Brexit or bust: May's remaining options
Updated 19:49, 17-Jan-2019
By Jeff Moody, Li Jingyi
["china"]
06:09
Plenty has been said about what will not happen with Brexit. Not so much has been said about what will. 
What exactly are UK Prime Minister Theresa May's options now? Can she remain UK prime minister, and more importantly, can she actually deliver the Brexit Britons asked for? 
The last time a UK government lost this badly, there were still horse and carts on the streets of London. This defeat is a seismic blow to May's credibility – and an almost fatal wound to Brexit. 
May dusted herself down on Wednesday morning and started again, but what she faced in the next few hours was, strangely enough, not Brexit! 
She has bigger fish to fry on Wednesday. She is fighting for the very survival of her government. The opposition leader, Jeremy Corbyn, wasted no time Tuesday night in wielding a political dagger and calling for a vote of no confidence in May's Conservative government. 
Aggressively, he said, “I have now tabled a motion of no confidence in this government. And I am pleased, I'm pleased that motion will be debated tomorrow. So this house can give its verdict on the sheer incompetence of this government, and pass that motion of no confidence in the government."
A full-blown parliamentary debate, not on Brexit, but on whether the Conservative government can limp on in power. This is something of a red herring. 
People can assume that all the Conservatives vote in favor of the government and all non-Conservatives vote against.
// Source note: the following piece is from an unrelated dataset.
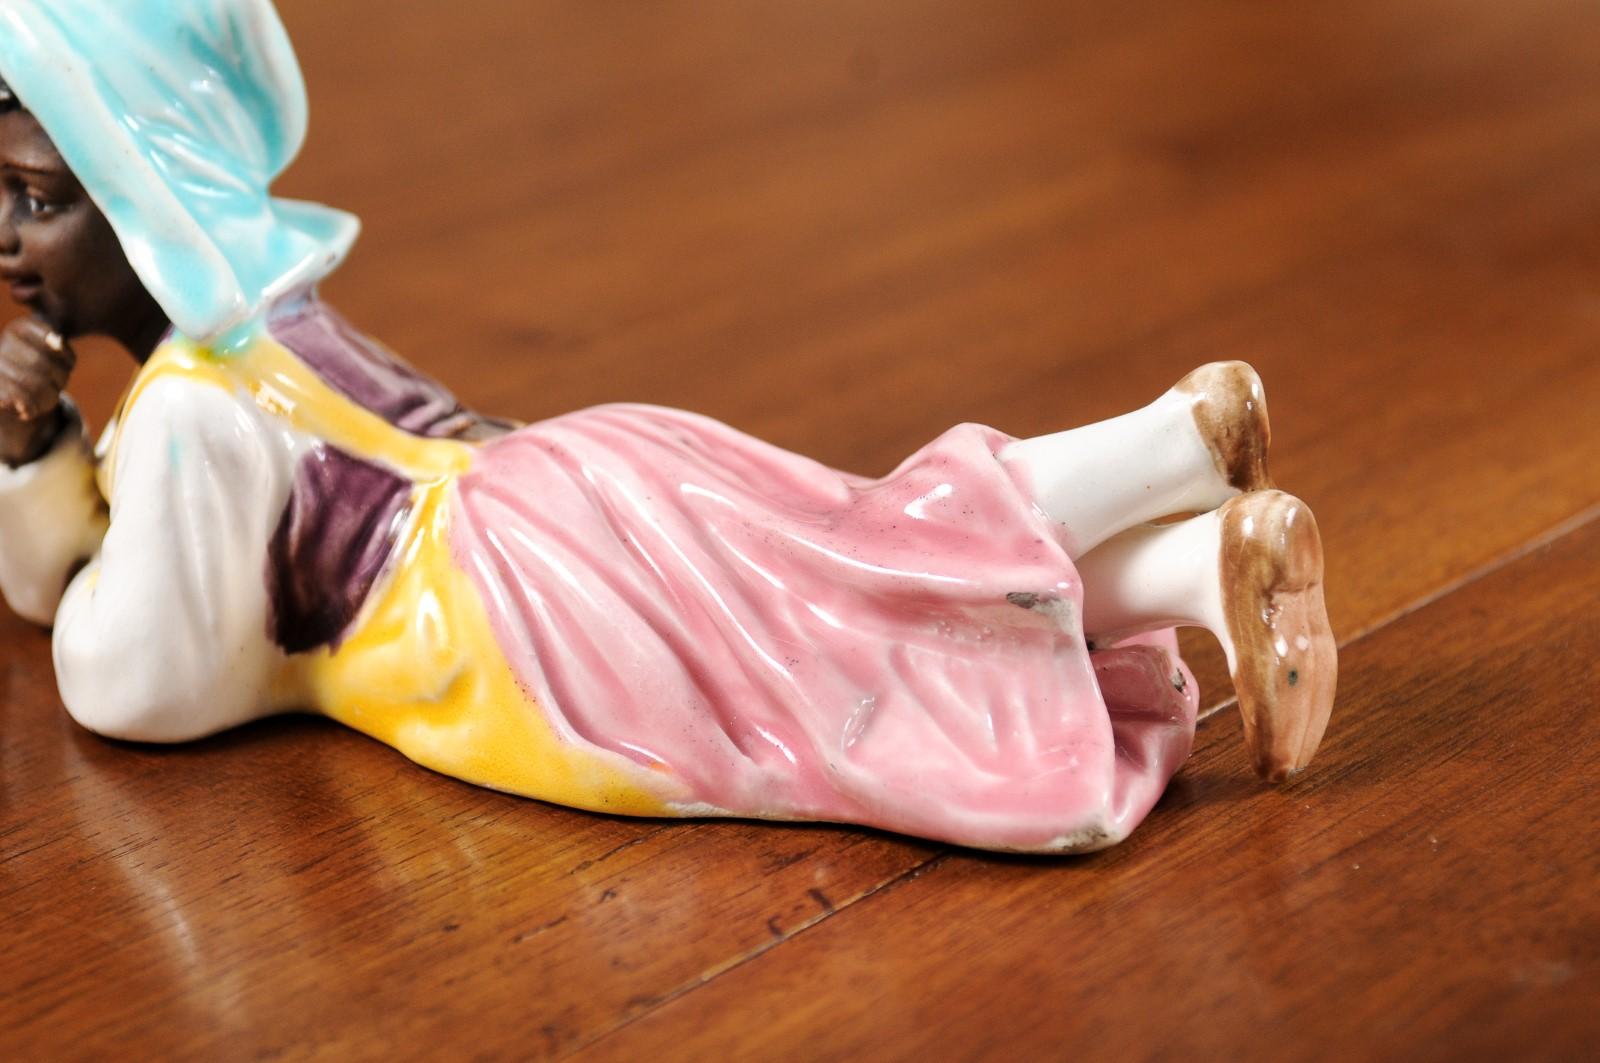 Petite English Porcelain Figurine Depicting a Young Girl Laying on the Ground For Sale 8

That is a rather safe assumption, seeing as Conservative MPs will want to keep their jobs, and they certainly do not want to fight a general election with Theresa May at the helm. She was a disaster last time. The Conservatives have 317 MPs – the other eligible parties 324. People might be forgiven for thinking that the government will lose.
No. After the calamitous 2017 election, May struck what is called a "supply and demand" deal with the Democratic Unionist Party (DUP), the main right-wing political party from Northern Ireland. The DUP voted against her Brexit bill, but under the terms of this "supply and demand" agreement, they will vote in favor of the government in any no-confidence vote. And they have 10 seats, which means the Conservatives will scrape through by just three votes.
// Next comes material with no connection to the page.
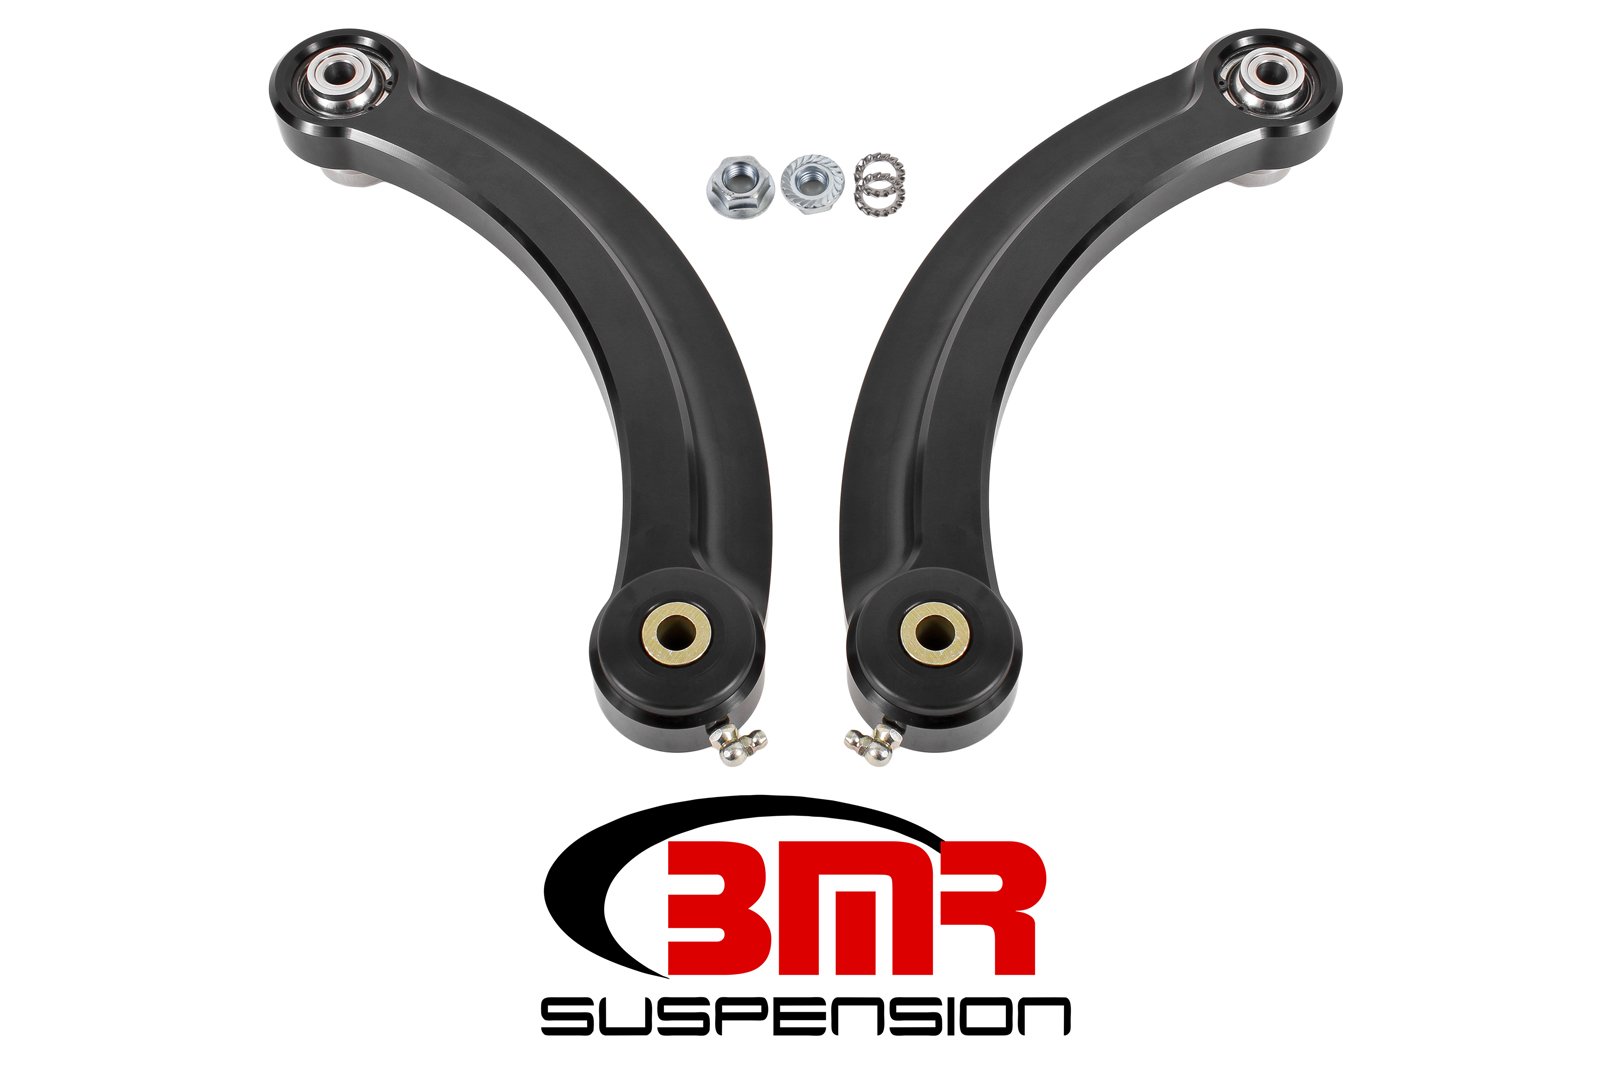 Camber Link, Fixed, Delrin/Bearing, Billet Aluminum, Fits all 2015-newer Ford Mustang , BMR Suspension - UTCA064

So thanks to the DUP's Arlene Foster, the government will very probably win. She let Theresa May down over Brexit – but she could come good on Wednesday. Of course, this could be wrong. In this political environment, anything could happen. 
If Corbyn does win his no-confidence vote, the prime minister has two weeks to call a general election, an election that would be a disaster for her party, and catastrophic for her personally.
MPs recently voted in a law that says the prime minister has just three working days to come up with a new Brexit deal. She has already wasted Wednesday so she has until Monday morning to come up with a new plan. She was hoping she would be able to tweak the current deal, but the sheer size of Tuesday's defeat means that particular Brexit is Brextinct.
People have already heard what May says she will do next, “the government had heard what the House has said tonight. But I asked members on all sides of the House, listen to the British people, who want this issue settled.”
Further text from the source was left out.